Молчание затягивалось. Зиновьев переступил с ноги на ногу. Он не понимал, за что на него взъелся государь, а теперь еще и Салтыков решил норов показать. Всегда же так работали, что за шлея им под хвост попала? Салтыков тем временем скрестил руки на груди, и прервал эту гнетущую тишину.
— Вот объясни мне, Степан Степанович, что я должен буду доложить государю, когда он приедет? А приедет он скоро, со дня на день ожидаем императорский поезд.
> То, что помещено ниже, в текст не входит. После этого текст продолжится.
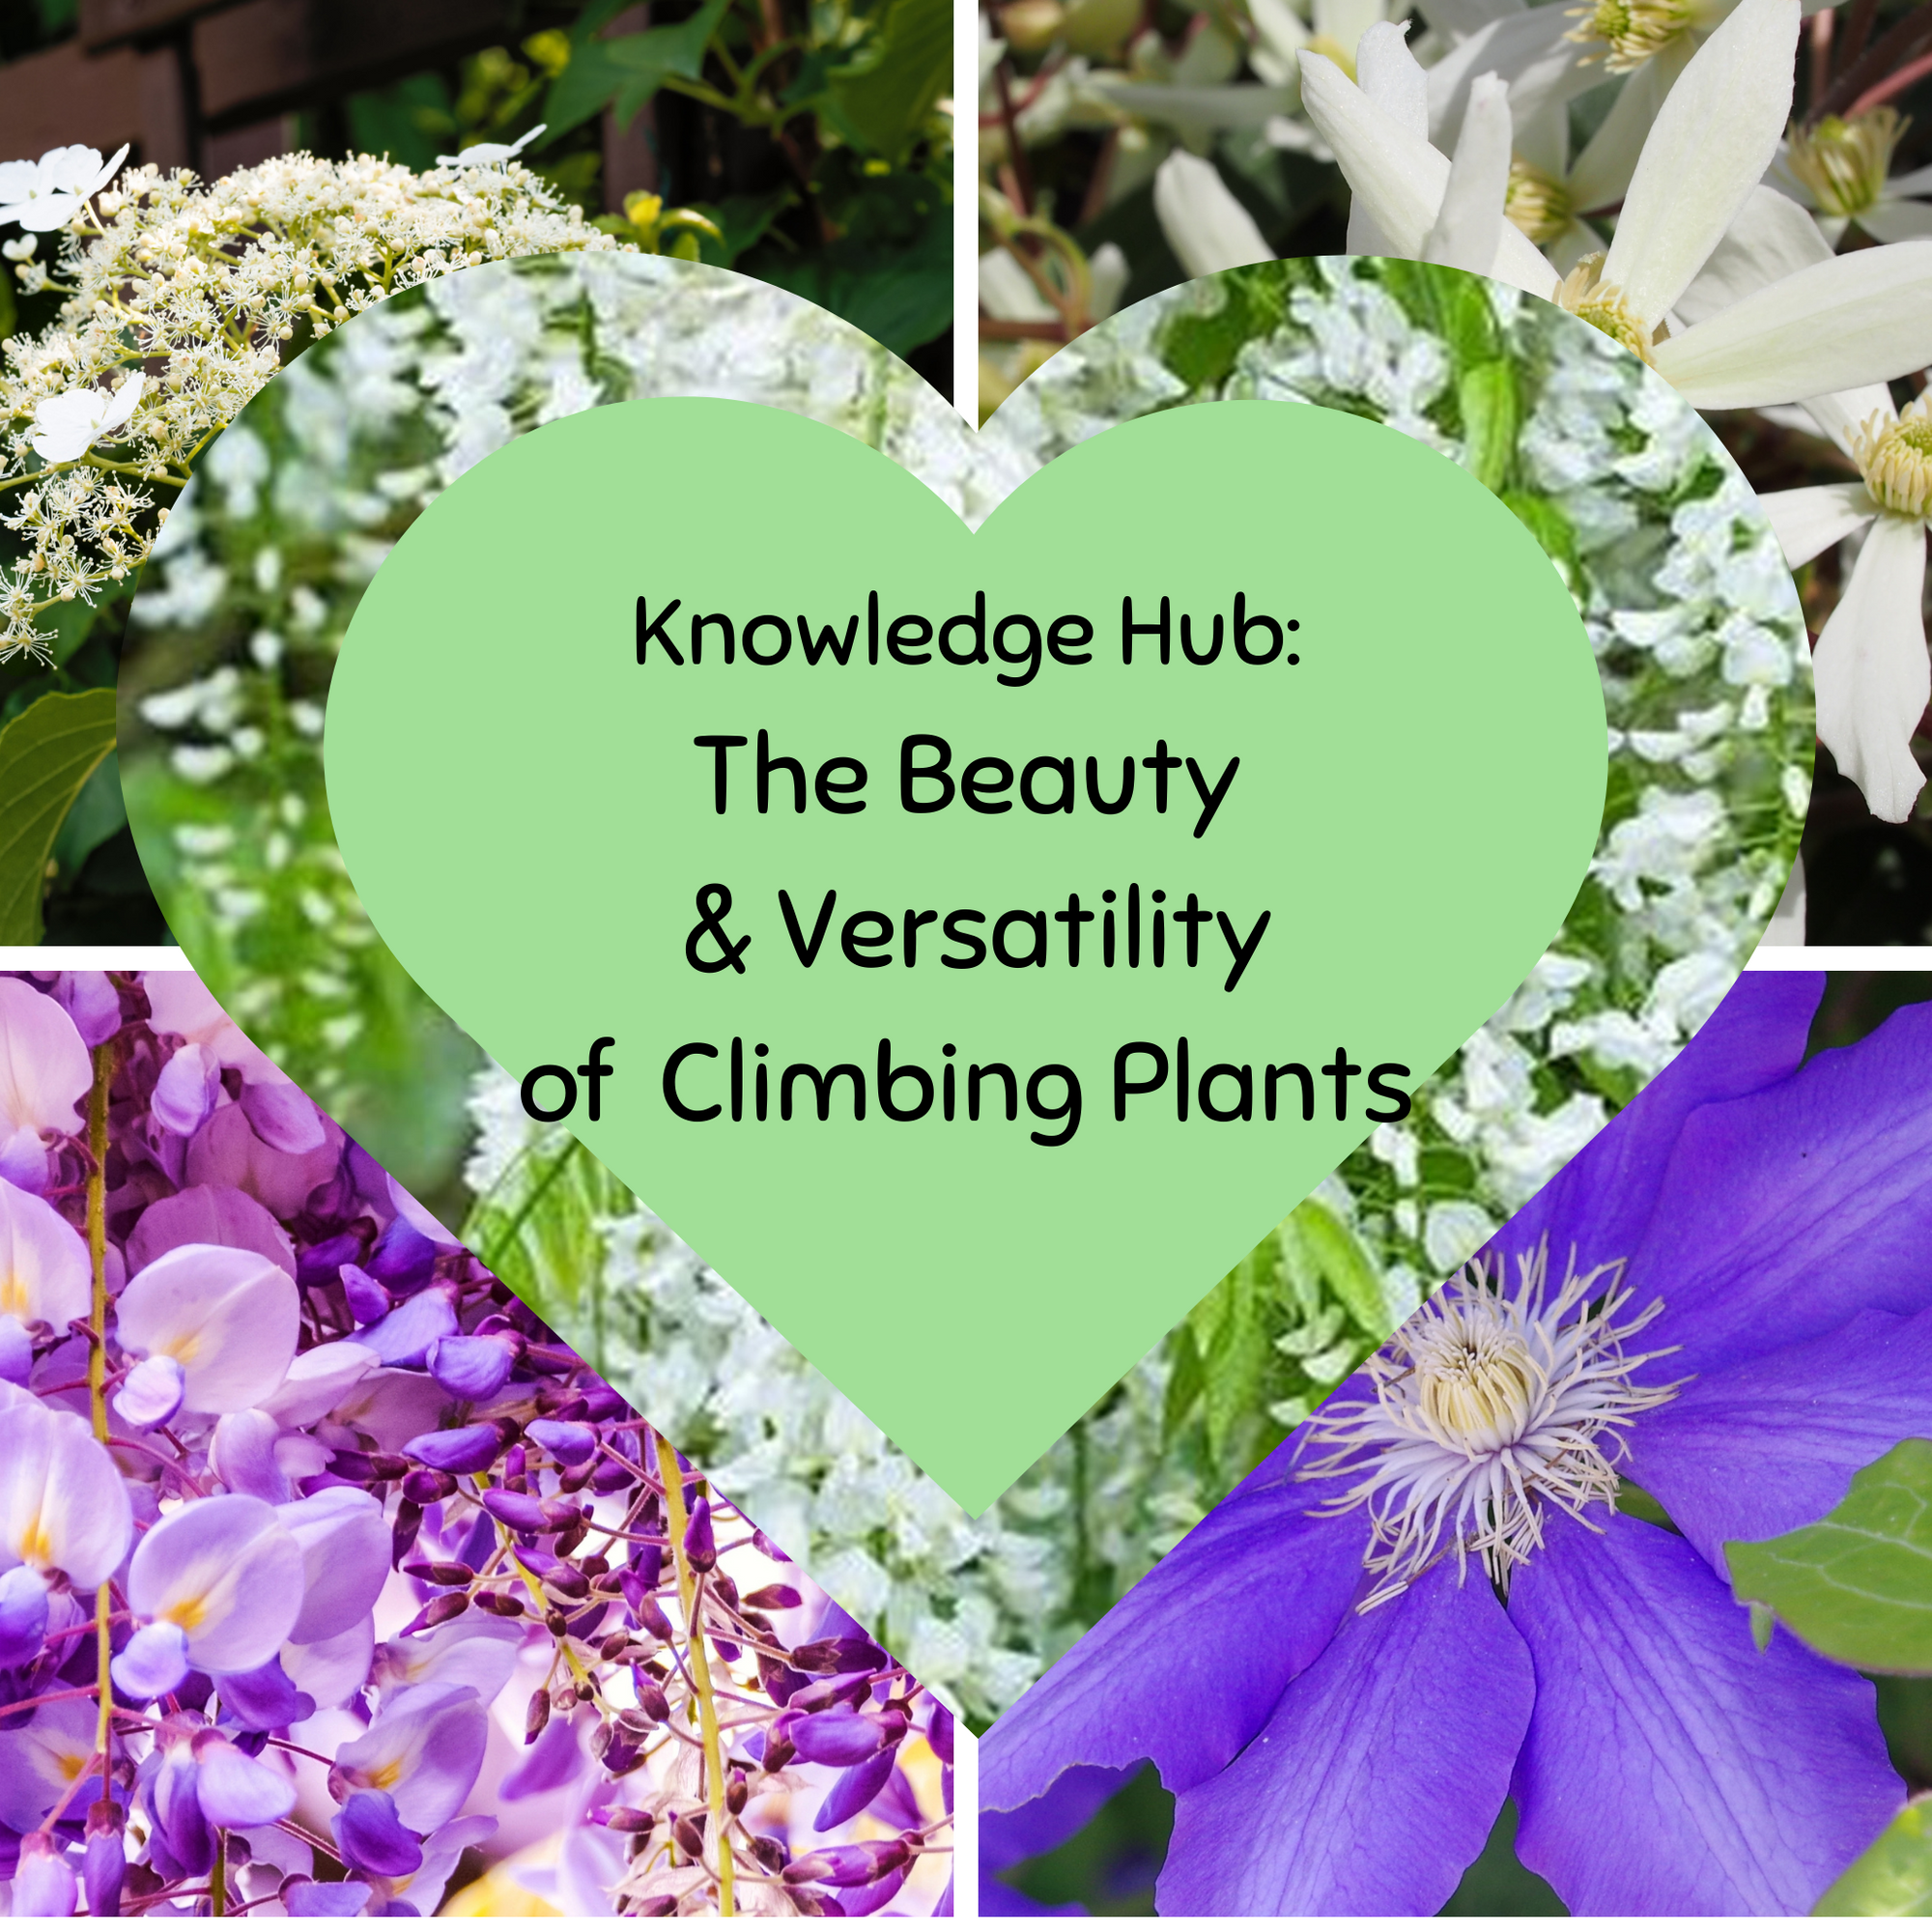 The Beauty and Versatility of Climbing Plants
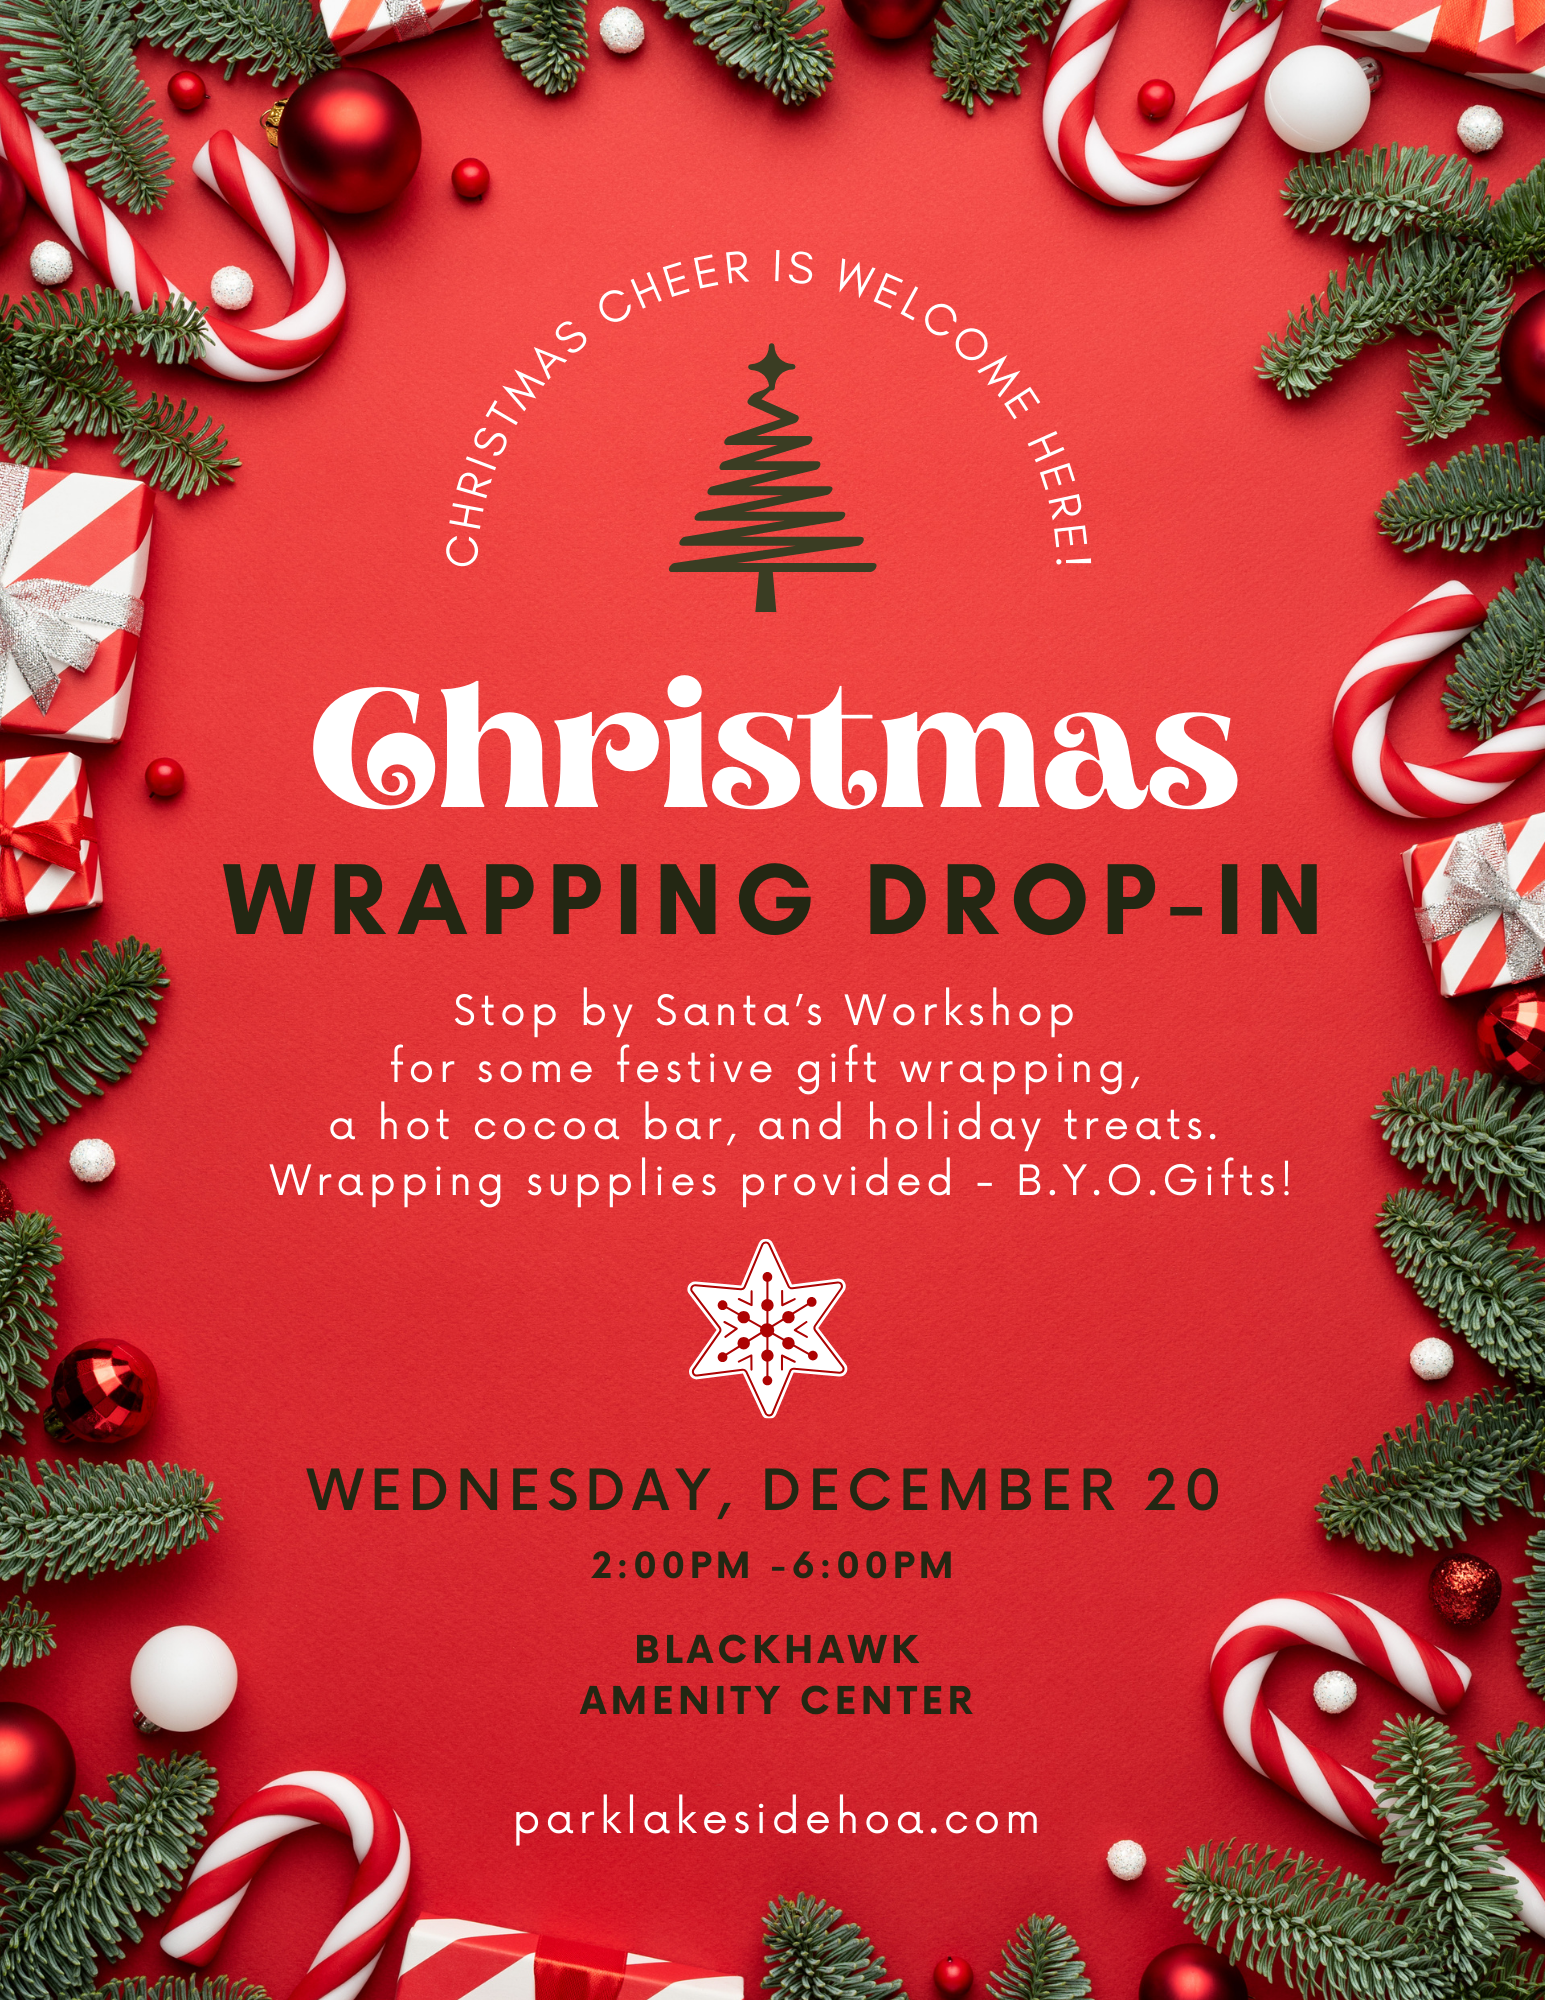 Christmas WRAPPING DROP_IN Stop by Santa's Workshop for some festive gift wrapping, a hot cocoa bar, and holiday treats. Wrapping supplies provided - B.Y.O. Gifts! WEDNESDAY, DECEMBER 20 2:00PM -6:00PM BLACKHAWK AMENITY CENTER parklakesidehoa.com

— Я же передал вам, Владимир Семенович, все результаты расследования как они есть: вот, тут же все написано, — Зиновьев указал на стопку бумаг, лежащих перед Салтыковым. — И кто первым начал бузить, и кто остальных подбил на то, чтобы от работы отлынивать, и...
— Хватит! — Салтыков стукнул кулаком по столу. — В указе Петра Федоровича ясно было указано, что первым пунктом ты расследовал, кроме того, «кто» начал бунт на мануфактуре, еще и «почему» он все это затеял. Ведь не мог же этот, — Салтыков порылся в бумагах, нашел нужное имя, и продолжил, — Иван Семя, встать с утреца, почесать пузо и подумать: «А не устроить ли мне бунт сегодня?»
— Да какая разница, что этому смерду в голову ударило? — вспылил Зиновьев. — Важно только то, что именно он начал бунт, в ходе которого весьма уважаемые промышленники, братья Болотины вынуждены были лично к вам обратиться за помощью.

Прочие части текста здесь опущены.